We all know about bosses day and secretary day but did you know the IT department also has an appreciation day? Now you do, so give them a big thanks this Friday.
When emails are bouncing, connections dropping and programmes crashing – you call in a system administrator – sysadmin, for short. If everything is working, they’re invisible – but when the wheels come off, often that very moment just before you hit Save All, they’re likely to be the first person on the receiving end of your DROP EVERYTHING RIGHT NOW emergency call.
To celebrate the people who keep businesses operational, the people who work behind the screens, Sysadmin Appreciation Day, is celebrated around the world on the last Friday of July. That is this Friday, the 27th of July 2018.

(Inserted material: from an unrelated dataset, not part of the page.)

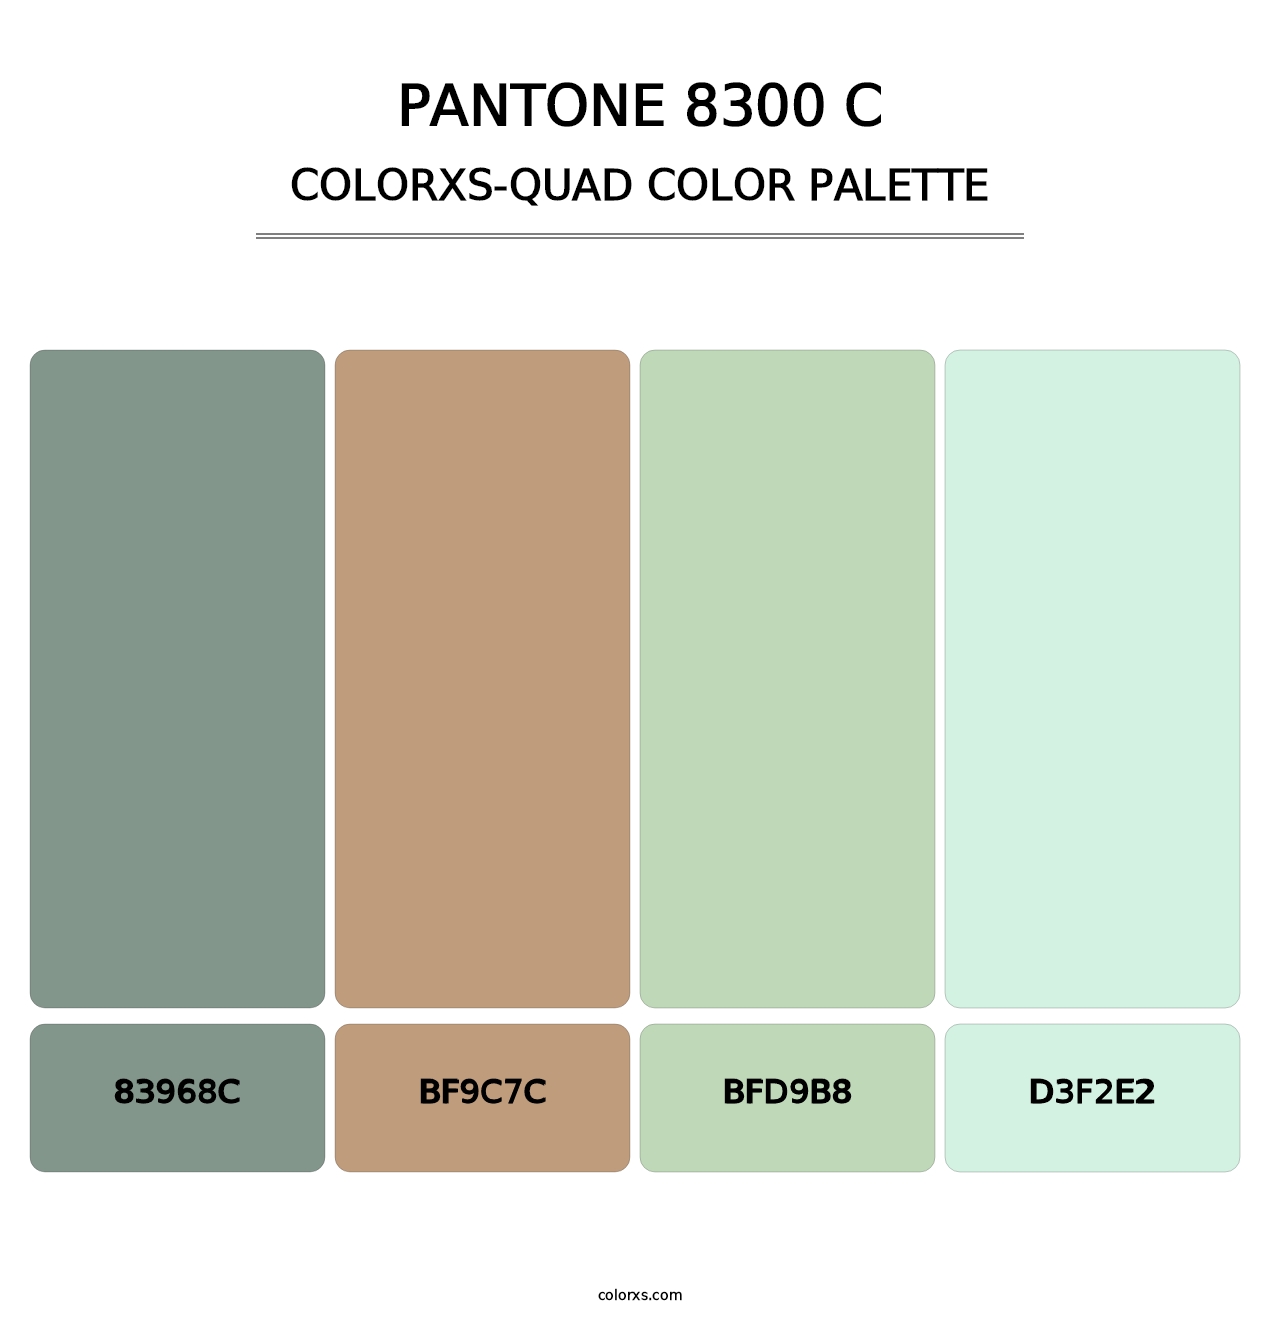 PANTONE 8300 C - Colorxs Quad Palette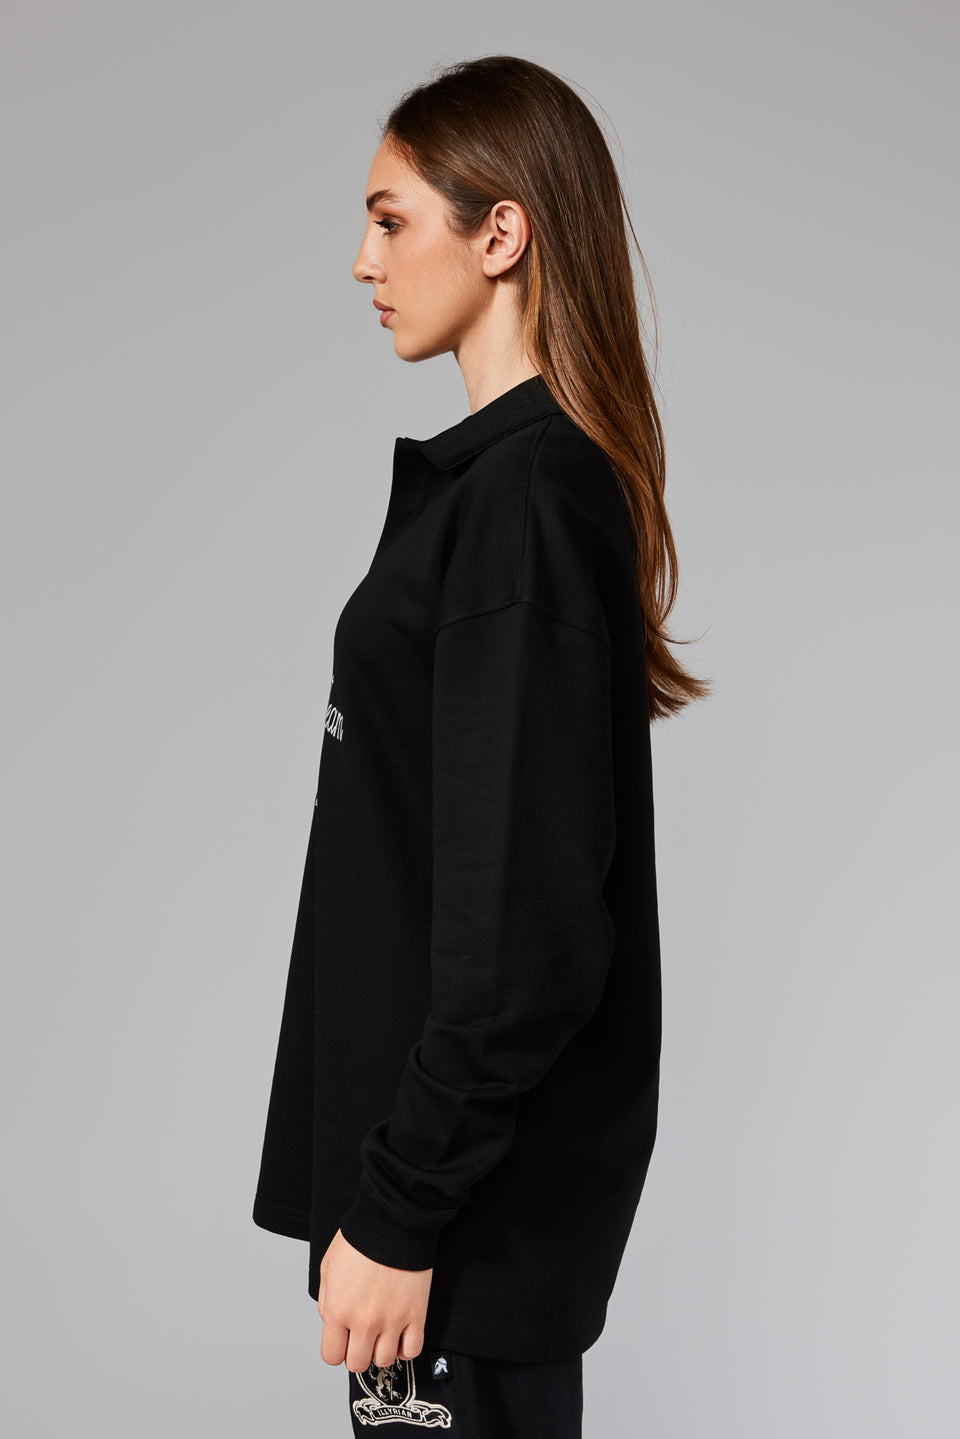 ILRN Buttoned Sweater - Black

Sysadmins work in various roles, from the super specialised to the all-round techie;
“They’re problem solvers and need to be highly flexible in order to adapt to the fast-paced tech world,” says Dane Miller, head of product development at local web hosting company 1-grid.com.
The past 10 years has seen a big shift in their role from network and systems maintenance to ‘managing the cloud’. As their primary goal is to improve organisational effectiveness and ensure business availability, their work often goes undetected – until it all goes toes up and they’ve got a hyperventilating co-worker breathing flames over their shoulder.
“A break in communications or your web presence can be very damaging for a company’s reputation and sales – it generally induces frustration, impatience and often panic,” says Miller. Essentially, sysadmins see us at our worst.
As more and more businesses get online and connect to the cloud, they require reliable, glitch-free systems for storing, sharing and securing their business information and correspondence. Sysadmins are all about getting that right, their work is core to customer satisfaction.
“Everything from shopping to finding and vetting service providers has moved into the online space. Businesses – no matter how small – need to build and maintain a strong, professional online presence,” says Miller.
For those who have had a sysadmin save the day by recovering a lost document or getting a server back up in lightning speed, there may already be a deep sense of appreciation, but Sysadmin Appreciation Day is about more than these heroics.
“We also need to acknowledge that when everything runs smoothly and efficiently, there’s a dedicated uptime aficionado behind the curtains, holding it all together,” says Miller.